### Source material
○ ○ ○ ○ ○ ○ ○
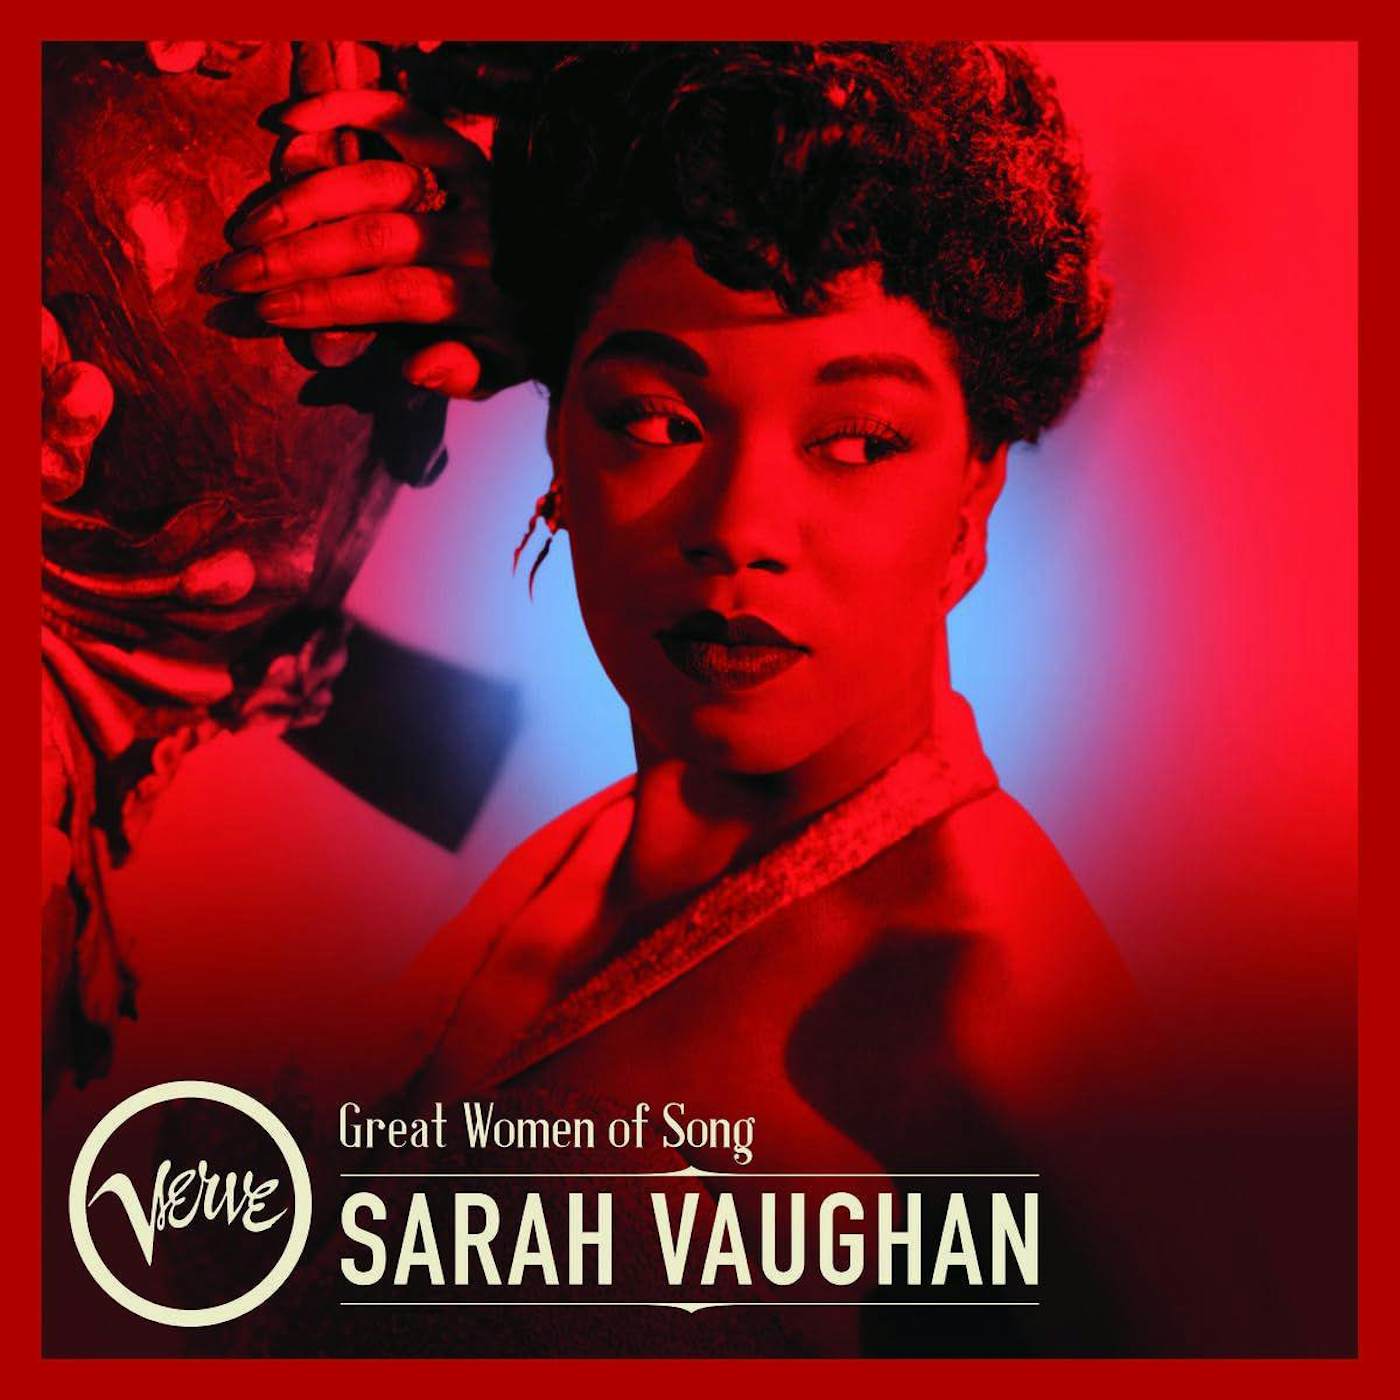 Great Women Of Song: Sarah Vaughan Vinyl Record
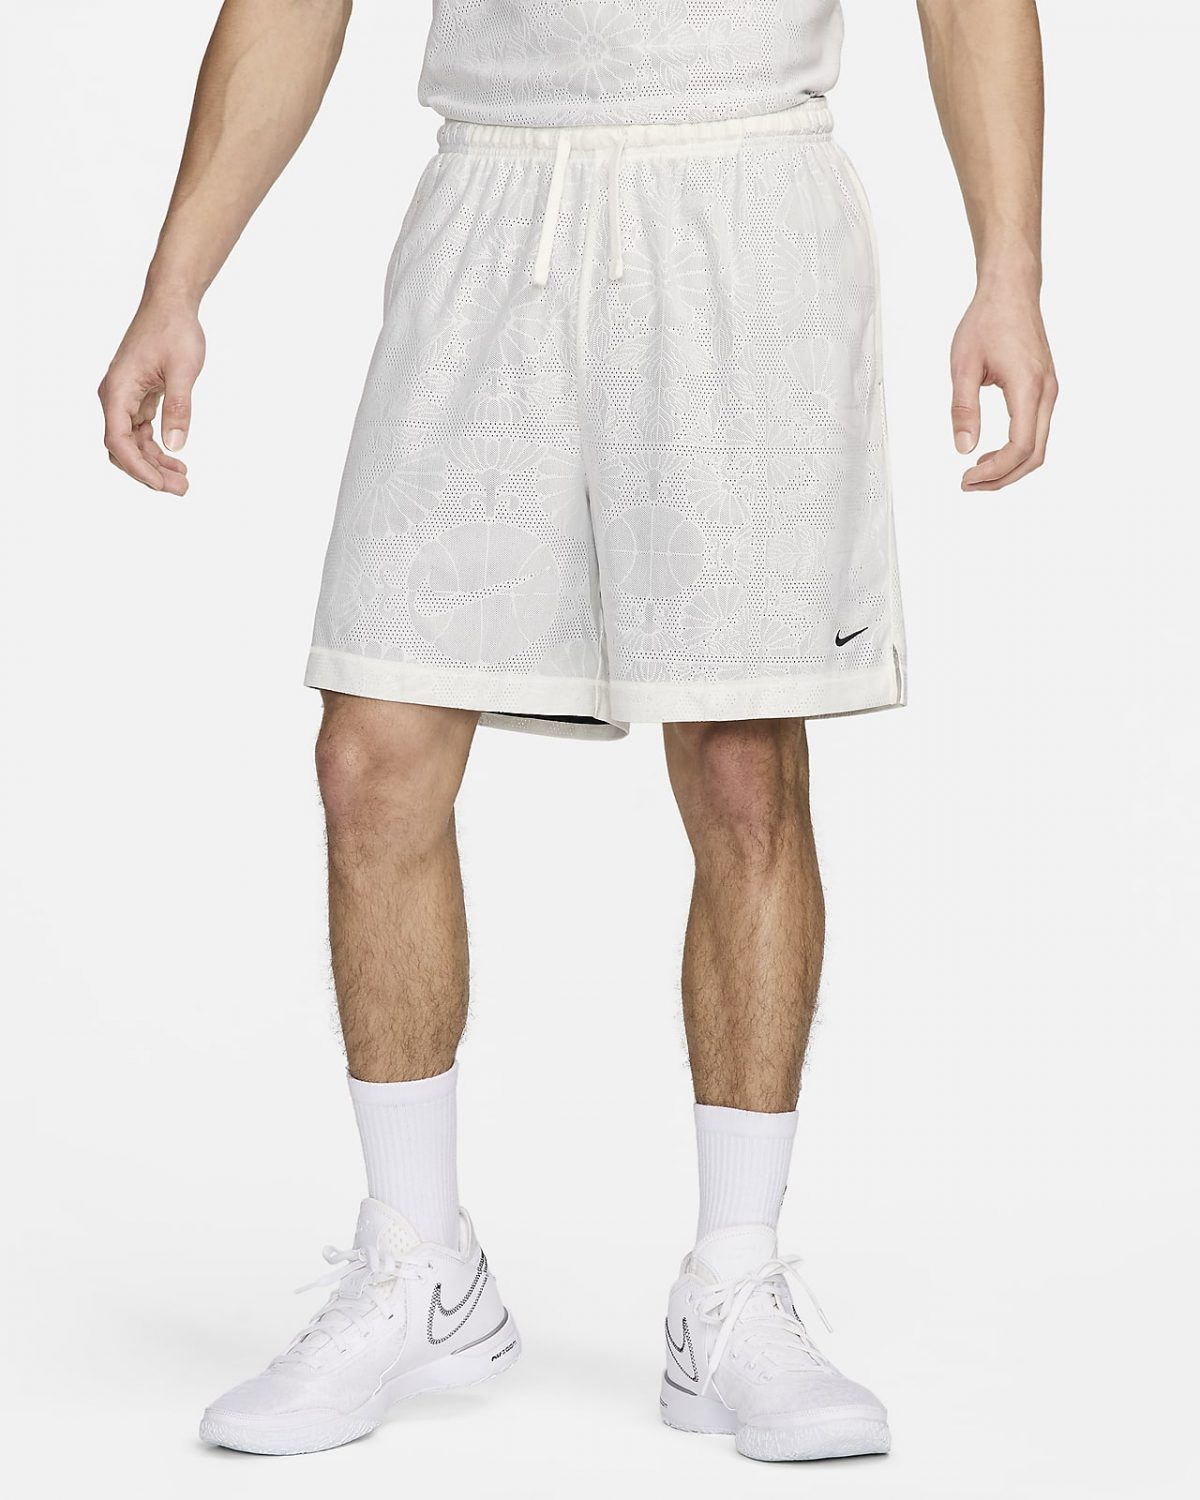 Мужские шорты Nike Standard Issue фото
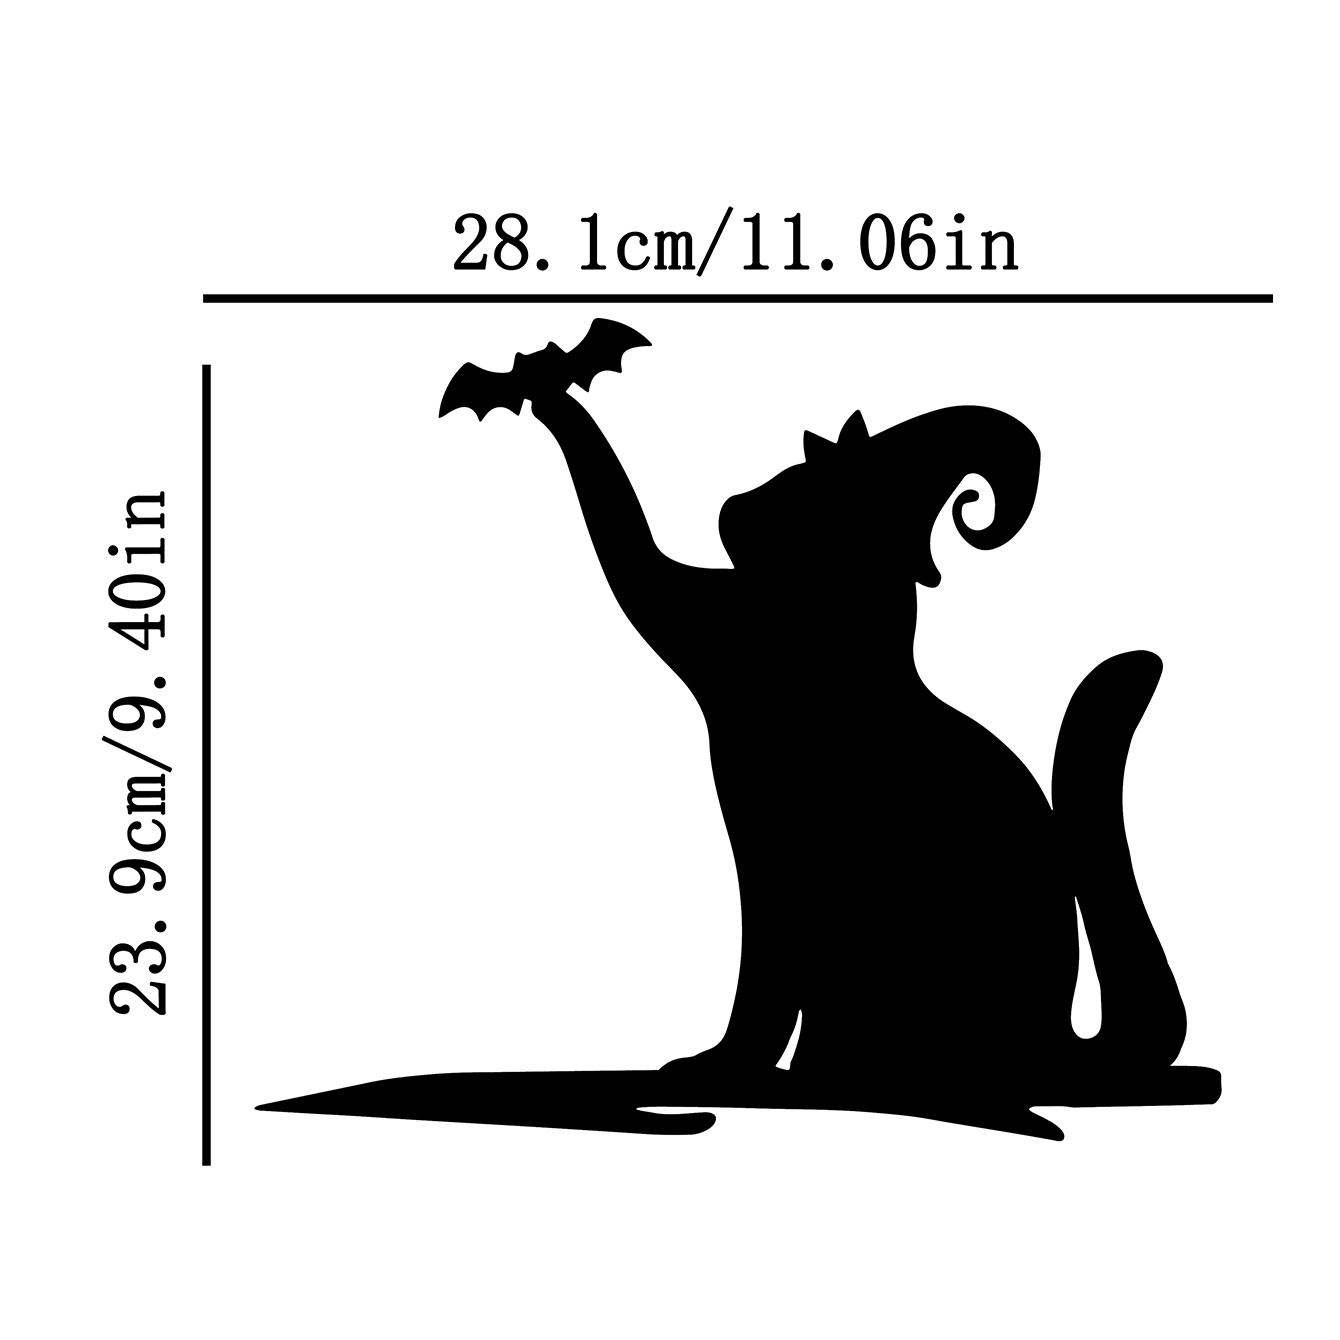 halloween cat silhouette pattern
○ ○ ○ ○ ○ ○ ○
### Goal of the exercise
Please retype the listing above word for word, skipping each picture.

### Answer for this exercise
 Great Women Of Song: Sarah Vaughan Vinyl Record
 Мужские шорты Nike Standard Issue фото
 halloween cat silhouette pattern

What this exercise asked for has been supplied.